Training
Gym-Khana integrates with Stable Baselines3 for PPO training and Weights & Biases for experiment tracking.
Training scripts
The main racing training script is train/ppo_race.py. The recovery training script is train/ppo_recover.py. Both support the following modes:
Train (
--m t): Train a new model with parallel environments usingSubprocVecEnvEvaluate (
--m e): Evaluate a trained model with visualizationDownload (
--m d): Fetch a model from wandb and evaluate itContinue (
--m c): Continue training from an existing checkpointTransfer (
--m f): Transfer a pretrained model to a new task, preserving network weights but resetting optimizer, LR schedule, and optionally resettinglog_stdfor fresh exploration and critic network for fresh value approximation
Examples:
# Train a new racing model
python3 train/ppo_race.py --m t
# Evaluate a local model (uses latest wandb run if --path not specified)

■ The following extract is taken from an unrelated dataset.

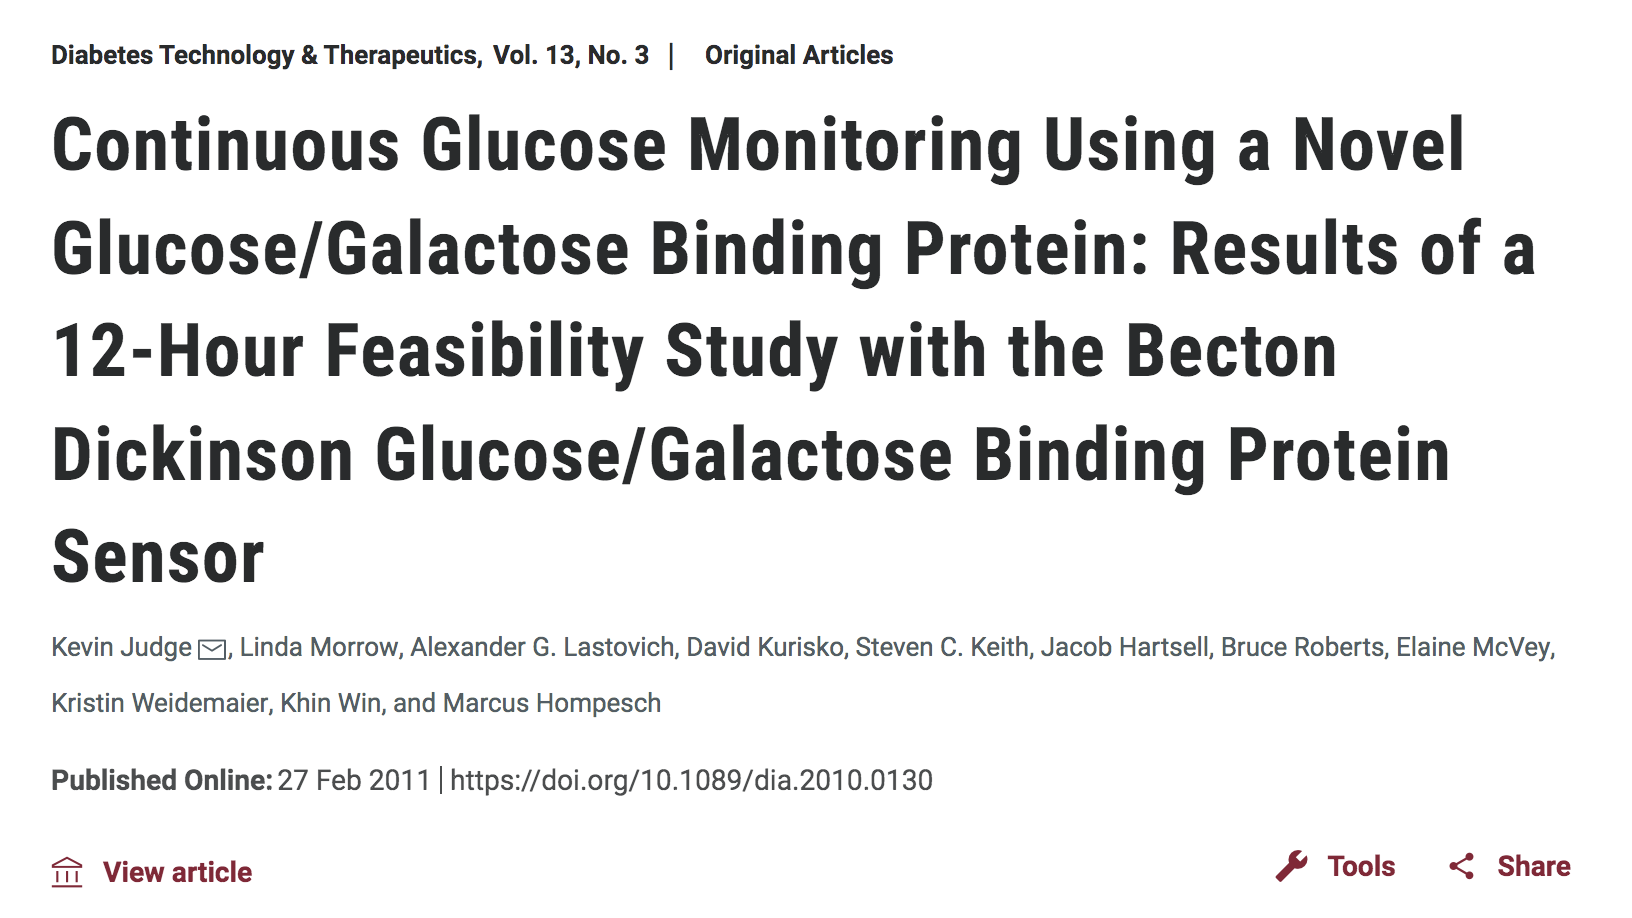 Continuous glucose monitoring using a novel glucose/galactose binding protein: results of a 12-hour feasibility study with the becton dickinson glucose/galactose binding protein sensor thumbnail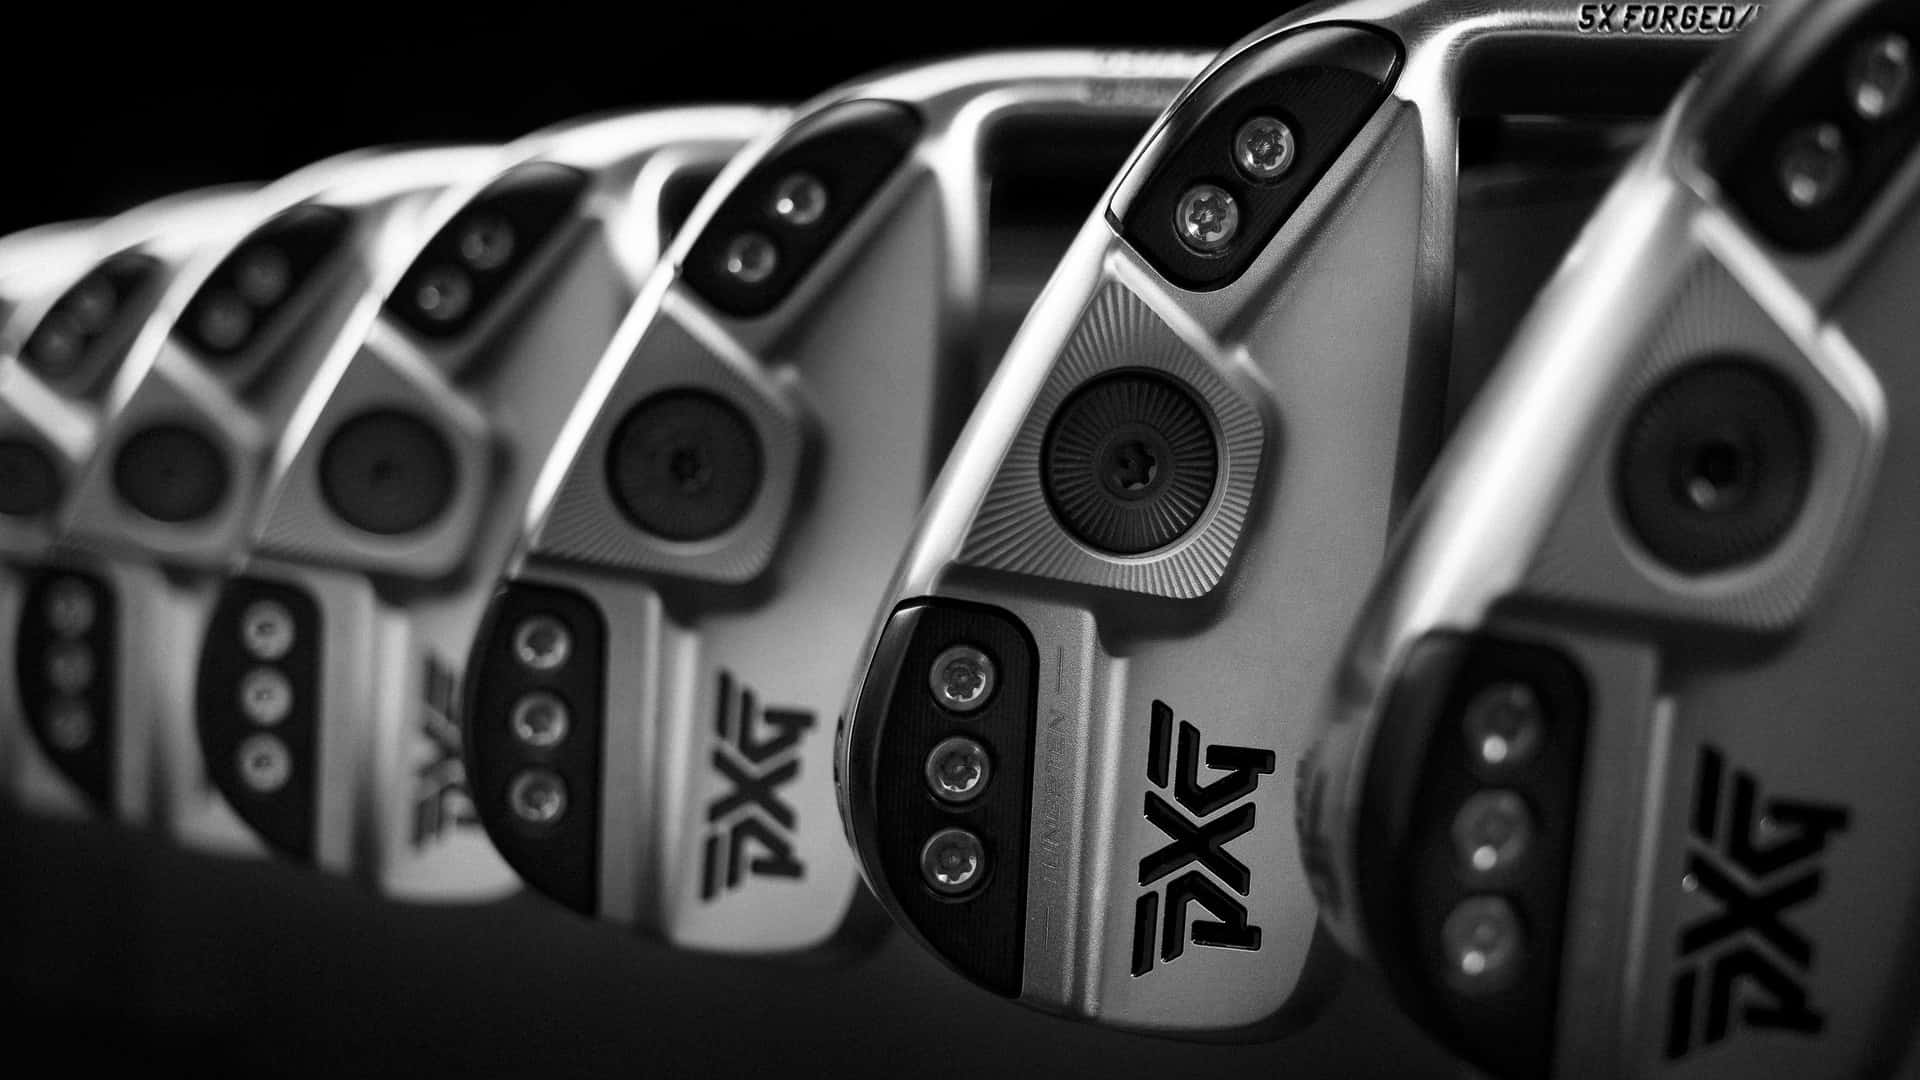 PXG Gen5 Vs Gen3 Irons: The Key Differences And Which To Buy? - PXG

python3 train/ppo_race.py --m e
python3 train/ppo_race.py --m e --path /path/to/model.zip
# Download from wandb and evaluate
python3 train/ppo_race.py --m d --run_id <wandb_run_id>
# Continue training
python3 train/ppo_race.py --m c --path /path/to/model.zip --additional_timesteps 10000000
Detailed usage guidelines are at the top of each training script file.
Callbacks
Default SB3 callbacks used during training:
WandbCallback— log metrics to wandbCheckpointCallback— save periodic checkpointsEvalCallback— evaluate during training
Observation min/max snapshots
When record_obs_min_max: true is set in the gym config, an ObsMinMaxSnapshotCallback is attached automatically. It merges per-subproc obs min/max trackers every CKPT_SAVE_FREQ env steps (and once at training end) and persists them to outputs/config/<run_id>/obs_min_max.yaml. Per-feature bounds-violation magnitudes are streamed to wandb under obs_bounds/<feature>/over and obs_bounds/<feature>/under so the offending feature is identifiable from the metric key. The end-of-training aggregated table still prints to stdout.
Instability prevention
When prevent_instability: true is set in the gym config, every RaceCar runs a sanity check on the post-RK4 standardized state and reverts to the pre-step state on any violation, while the env truncates the episode with info["instability_truncation"] = True and a populated info["unstable_info"]. An InstabilityCountCallback is attached automatically and logs the total event count summed across subprocs to wandb under instability/total every CKPT_SAVE_FREQ env steps (and once at training end). At end-of-run the per-env breakdown is printed to stdout. The detection bounds are configurable via instability_yaw_rate_bound and instability_slip_bound (defaults: 4π rad/s and π/2 rad).
log_std schedule
When the log_std_schedule block is present in train/config/rl_config.yaml, a LogStdScheduleCallback is attached to fresh training runs (--m t). It linearly anneals the policy’s log_std from init to end across total_timesteps and freezes the parameter so the schedule fully controls action noise.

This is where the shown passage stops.